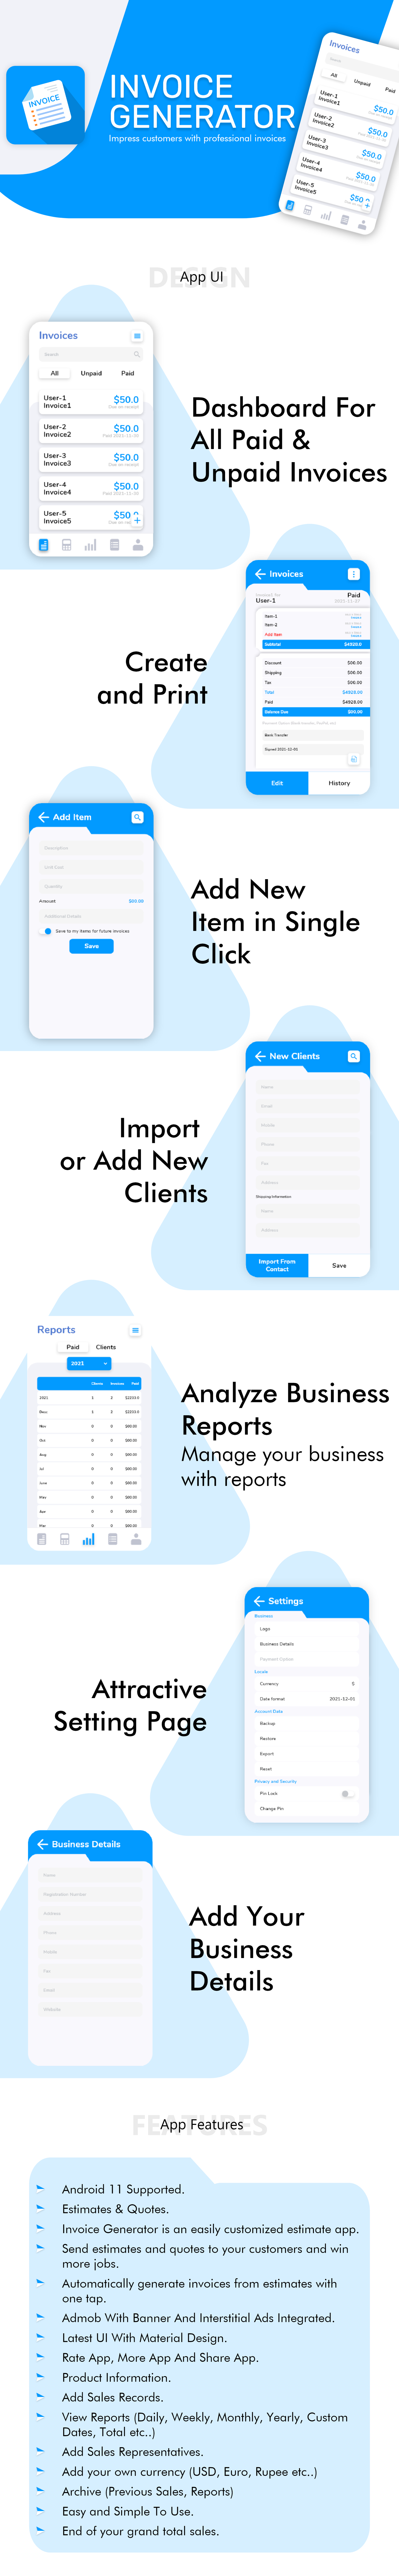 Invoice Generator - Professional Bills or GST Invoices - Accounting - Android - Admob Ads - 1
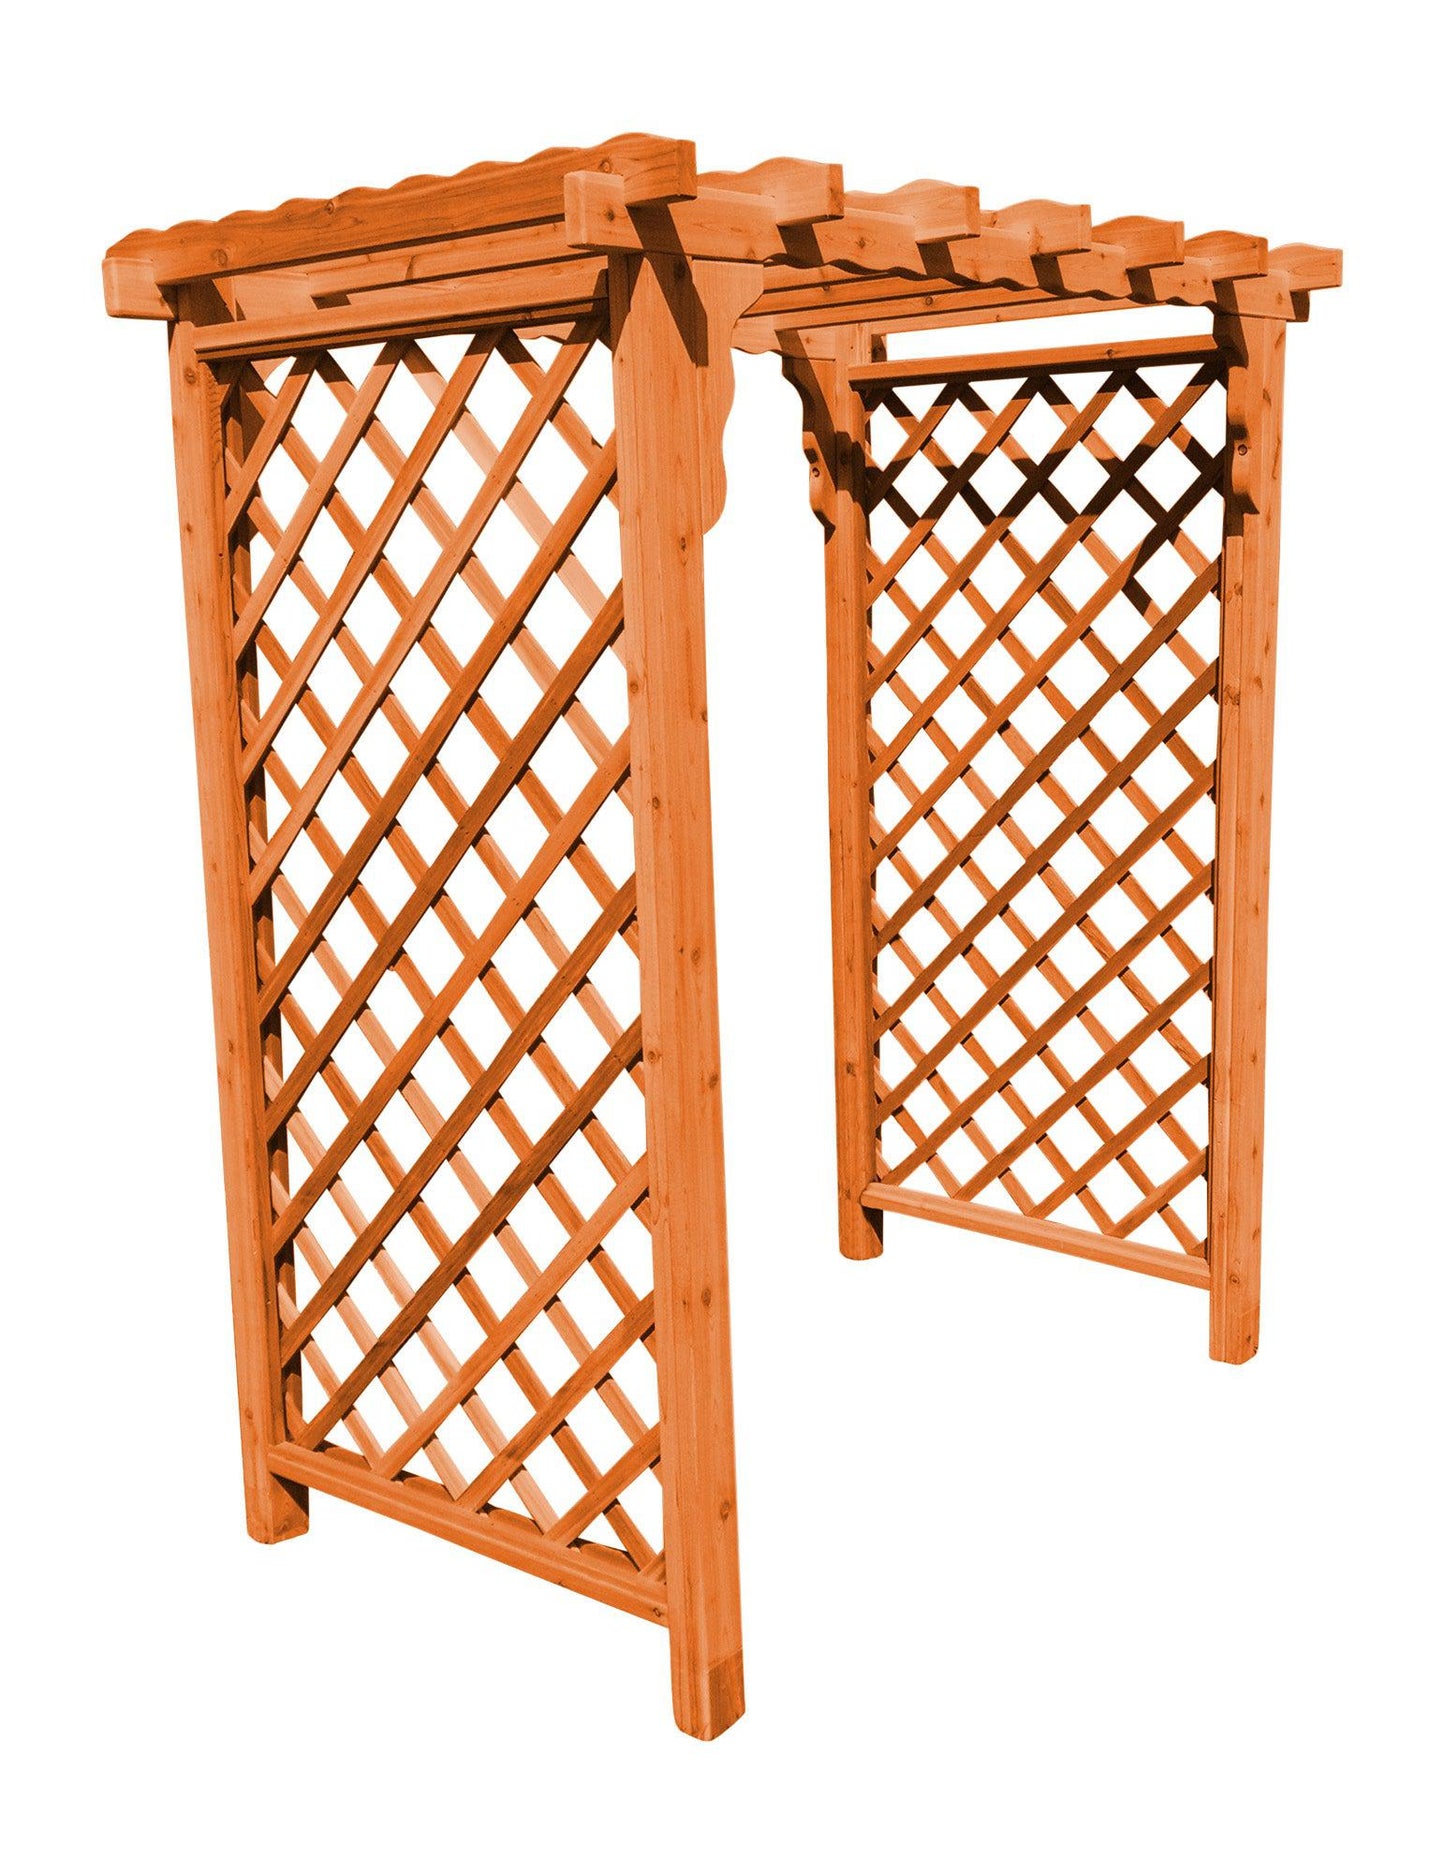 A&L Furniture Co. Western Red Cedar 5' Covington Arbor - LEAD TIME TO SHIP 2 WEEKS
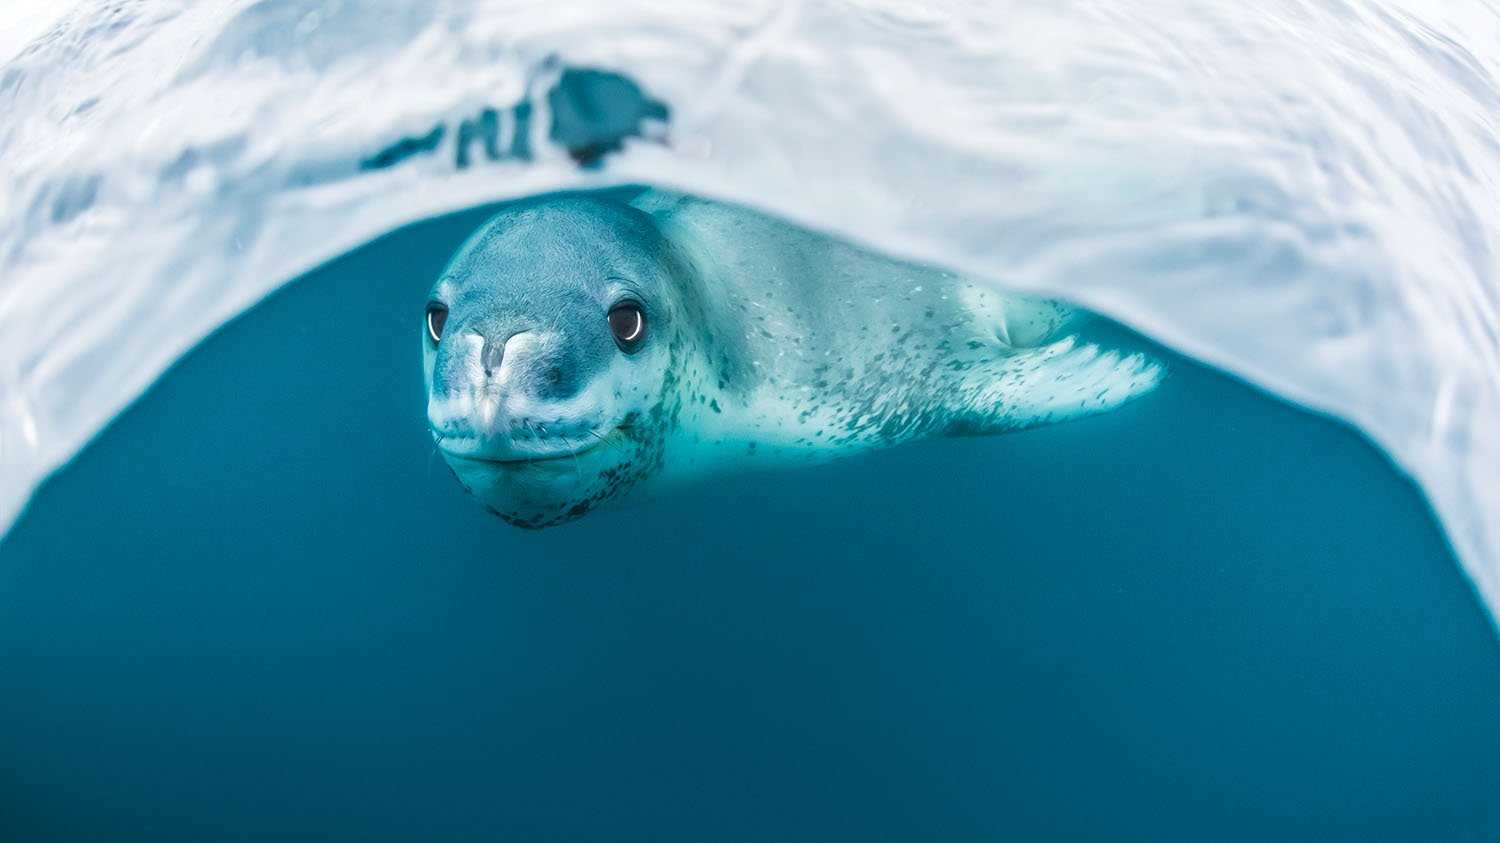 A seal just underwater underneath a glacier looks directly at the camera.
☆ ☆ ☆
> **WHAT NEEDS TO BE DONE**:
In the material above, retype exactly the lines that run from the one containing "A&L Furniture Co." through the last line, and keep out the pictures.

> **YOUR RESPONSE**:
 A&L Furniture Co. Western Red Cedar 5' Covington Arbor - LEAD TIME TO SHIP 2 WEEKS
 A seal just underwater underneath a glacier looks directly at the camera.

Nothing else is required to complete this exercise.